You can close it if website does not detect WebDriver to speed up:

GERAPY_PLAYWRIGHT_PRETEND = False

Also you can use pretend attribute in PlaywrightRequest to overwrite this configuration.

Logging Level

By default, Playwright will log all the debug messages, so GerapyPlaywright configured the logging level of Playwright to WARNING.

If you want to see more logs from Playwright, you can change the this setting:

import logging
GERAPY_PLAYWRIGHT_LOGGING_LEVEL = logging.DEBUG

Download Timeout

Playwright may take some time to render the required web page, you can also change this setting, default is 30s:

# playwright timeout
GERAPY_PLAYWRIGHT_DOWNLOAD_TIMEOUT = 30

Headless

By default, Playwright is running in Headless mode, you can also change it to False as you need, default is True:

GERAPY_PLAYWRIGHT_HEADLESS = False

Window Size

You can also set the width and height of Playwright window:

GERAPY_PLAYWRIGHT_WINDOW_WIDTH = 1400
GERAPY_PLAYWRIGHT_WINDOW_HEIGHT = 700

Default is 1400, 700.

Proxy

You can set a proxy channel via below this config:

GERAPY_PLAYWRIGHT_PROXY = 'http://tps254.kdlapi.com:15818'
GERAPY_PLAYWRIGHT_PROXY_CREDENTIAL = {
  'username': 'xxx',
  'password': 'xxxx'
}

Screenshot

You can get screenshot of loaded page, you can pass screenshot args to PlaywrightRequest as dict:

Below are the supported args:

type (str): Specify screenshot type, can be either jpeg or png. Defaults to png.
quality (int): The quality of the image, between 0-100. Not applicable to png image.
full_page (bool): When true, take a screenshot of the full scrollable page. Defaults to False.
clip (dict): An object which specifies clipping region of the page. This option should have the following fields:
- x (int): x-coordinate of top-left corner of clip area.
- y (int): y-coordinate of top-left corner of clip area.
- width (int): width of clipping area.
- height (int): height of clipping area.
omit_background (bool): Hide default white background and allow capturing screenshot with transparency.
timeout (str): Maximum time in milliseconds, defaults to 30 seconds, pass 0 to disable timeout.

For example:

yield PlaywrightRequest(start_url, callback=self.parse_index, wait_for='.item .name', screenshot={
            'type': 'png',
            'full_page': True
        })

then you can get screenshot result in response.meta['screenshot']:

Simplest save it to file:

def parse_index(self, response):
    with open('screenshot.png', 'wb') as f:
        f.write(response.meta['screenshot'].getbuffer())
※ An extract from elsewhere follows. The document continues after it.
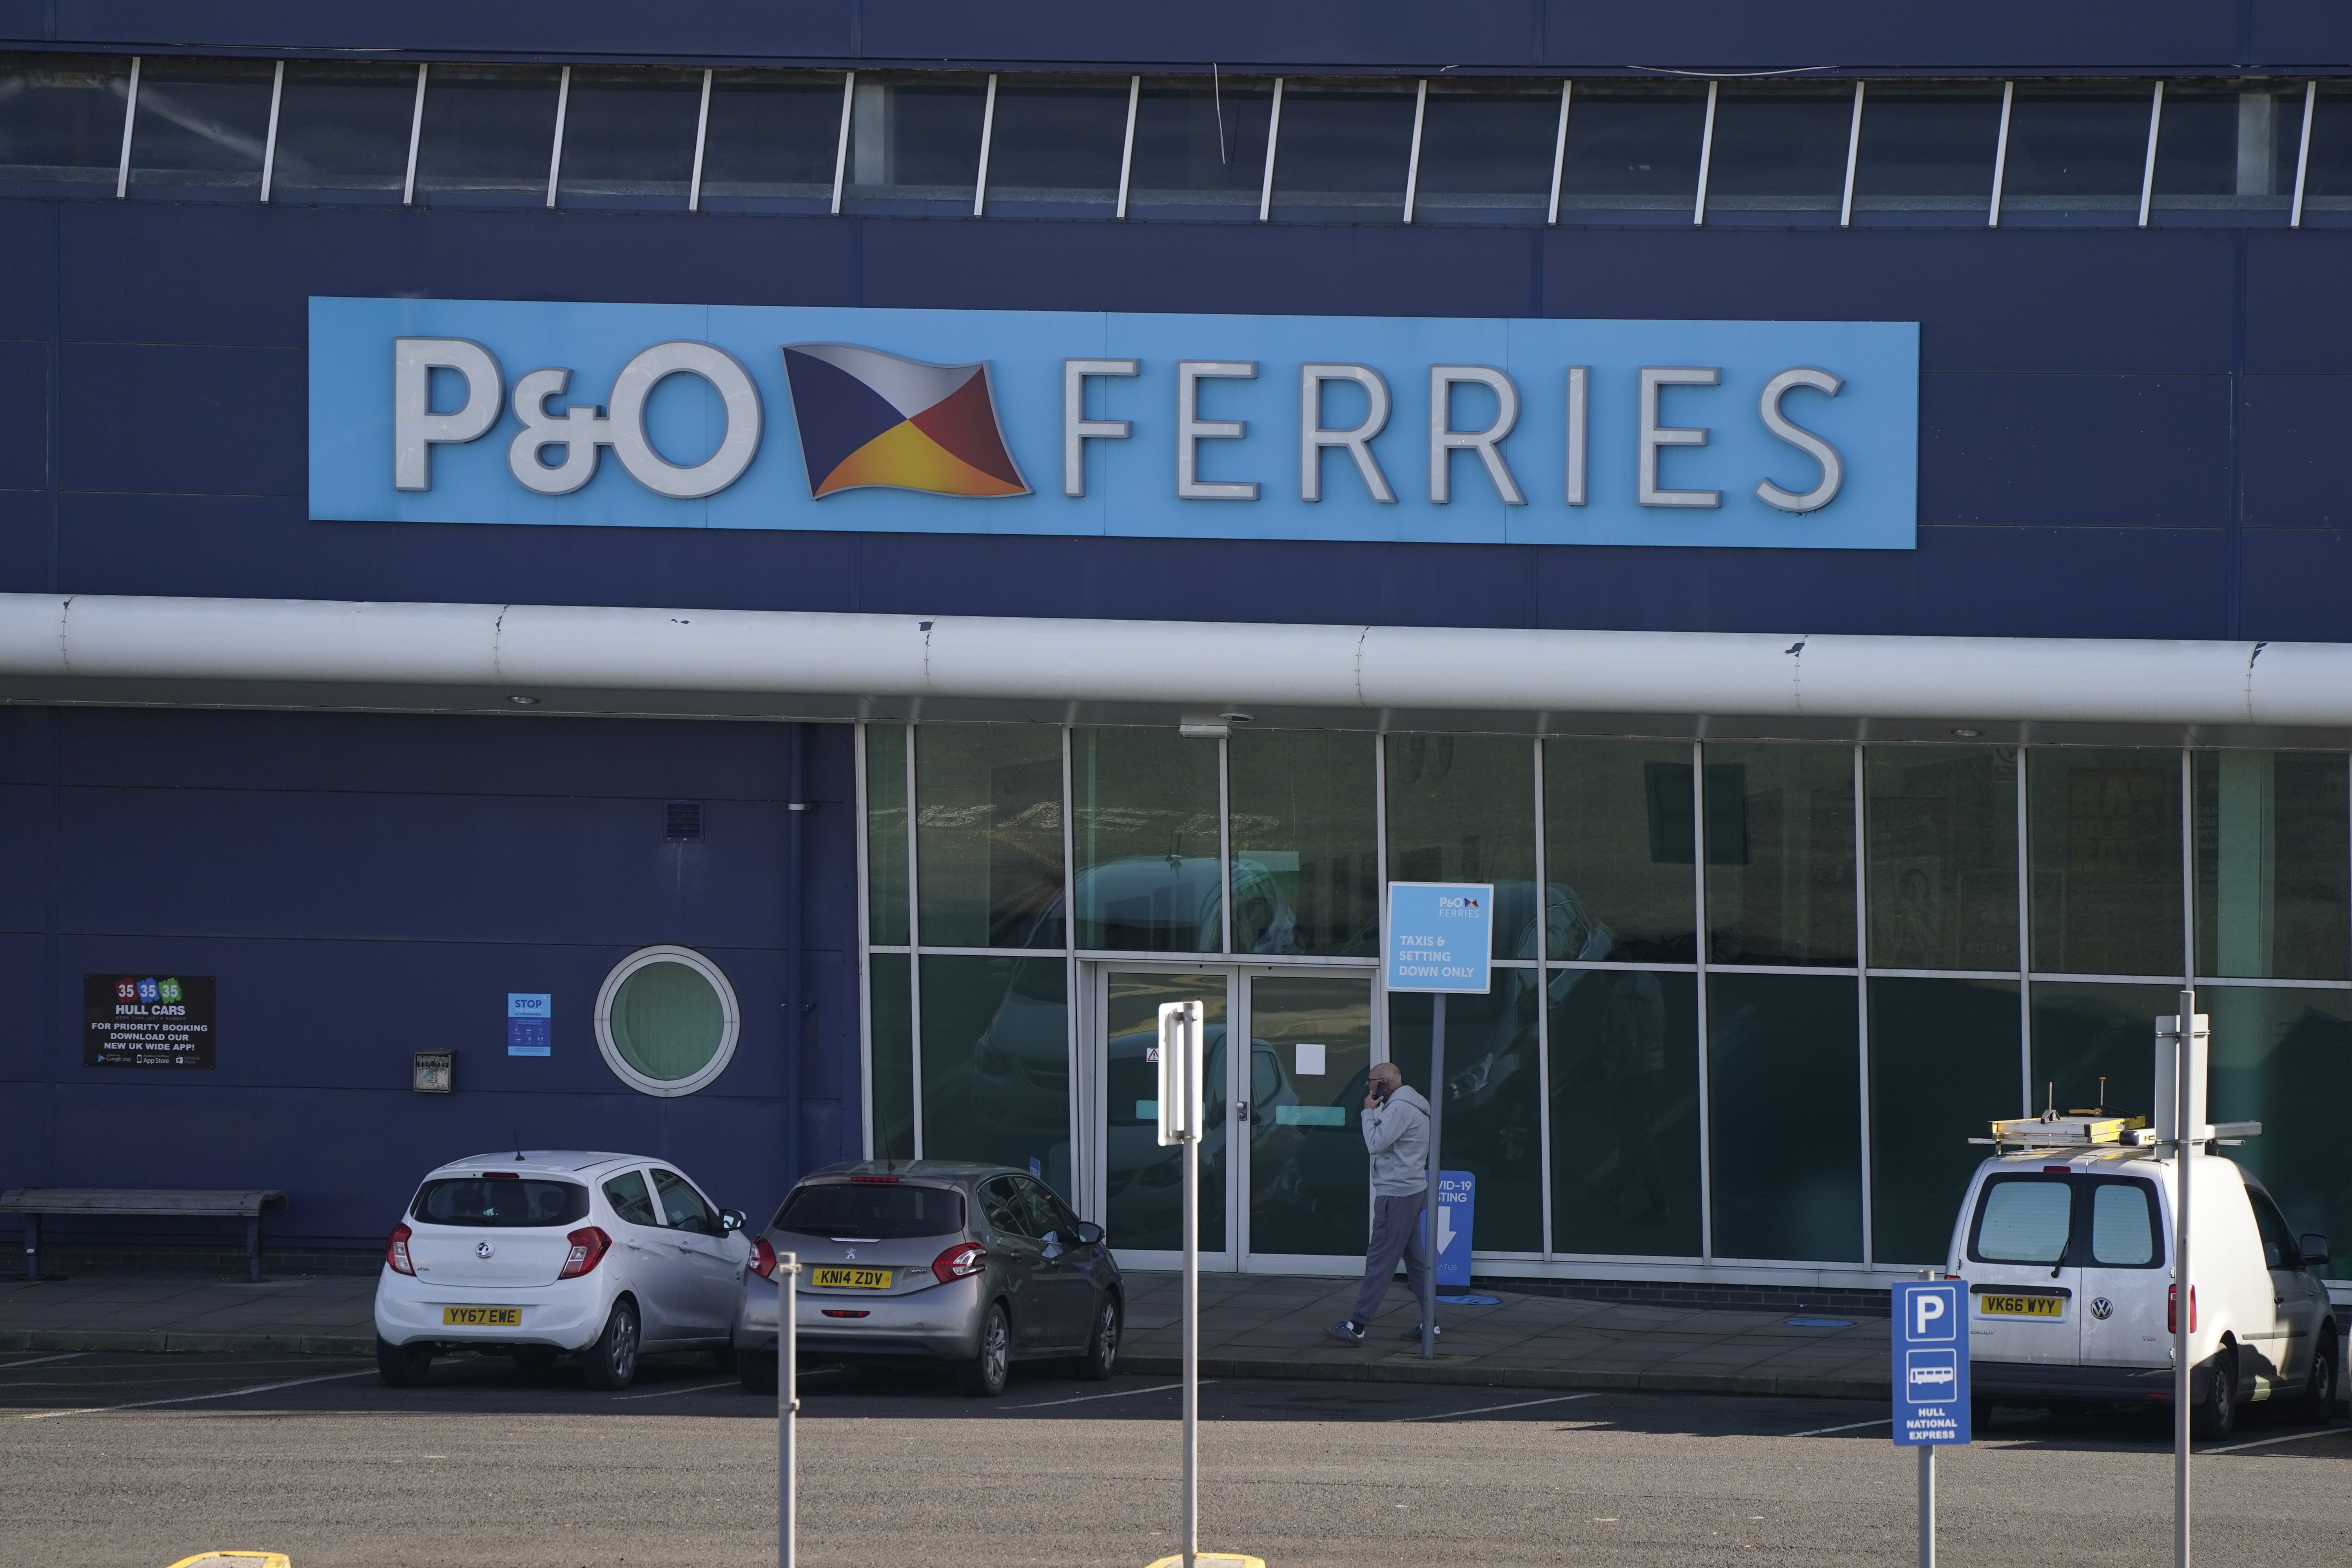 P&O Ferries carried out a mass sacking of 800 staff and after they were told of their redundancies they were forced off the vessels

If you want to enable screenshot for all requests, you can configure it by GERAPY_PLAYWRIGHT_SCREENSHOT.

For example:

GERAPY_PLAYWRIGHT_SCREENSHOT = {
    'type': 'png',
    'full_page': True
}

PlaywrightRequest

PlaywrightRequest provide args which can override global settings above.

url: request url
callback: callback
wait_until: one of "load", "domcontentloaded", "networkidle" see https://playwright.dev/python/docs/api/class-page#page-wait-for-load-state, default is domcontentloaded
wait_for: wait for some element to load, also supports dict
script: script to execute
actions: actions defined for execution of Page object
proxy: use proxy for this time, like http://x.x.x.x:x
proxy_credential: the proxy credential, like {'username': 'xxxx', 'password': 'xxxx'}
sleep: time to sleep after loaded, override GERAPY_PLAYWRIGHT_SLEEP
timeout: load timeout, override GERAPY_PLAYWRIGHT_DOWNLOAD_TIMEOUT
ignore_resource_types: ignored resource types, override GERAPY_PLAYWRIGHT_IGNORE_RESOURCE_TYPES
pretend: pretend as normal browser, override GERAPY_PLAYWRIGHT_PRETEND
screenshot: ignored resource types, see https://playwright.dev/python/docs/api/class-page#page-screenshot, override GERAPY_PLAYWRIGHT_SCREENSHOT

For example, you can configure PlaywrightRequest as:

from gerapy_playwright import PlaywrightRequest

def parse(self, response):
    yield PlaywrightRequest(url,
        callback=self.parse_detail,
        wait_until='domcontentloaded',
        wait_for='title',
        script='() => { return {name: "Germey"} }',
        sleep=2)

Then Playwright will:

wait for document to load
wait for title to load
execute console.log(document) script
sleep for 2s
return the rendered web page content, get from response.meta['screenshot']
return the script executed result, get from response.meta['script_result']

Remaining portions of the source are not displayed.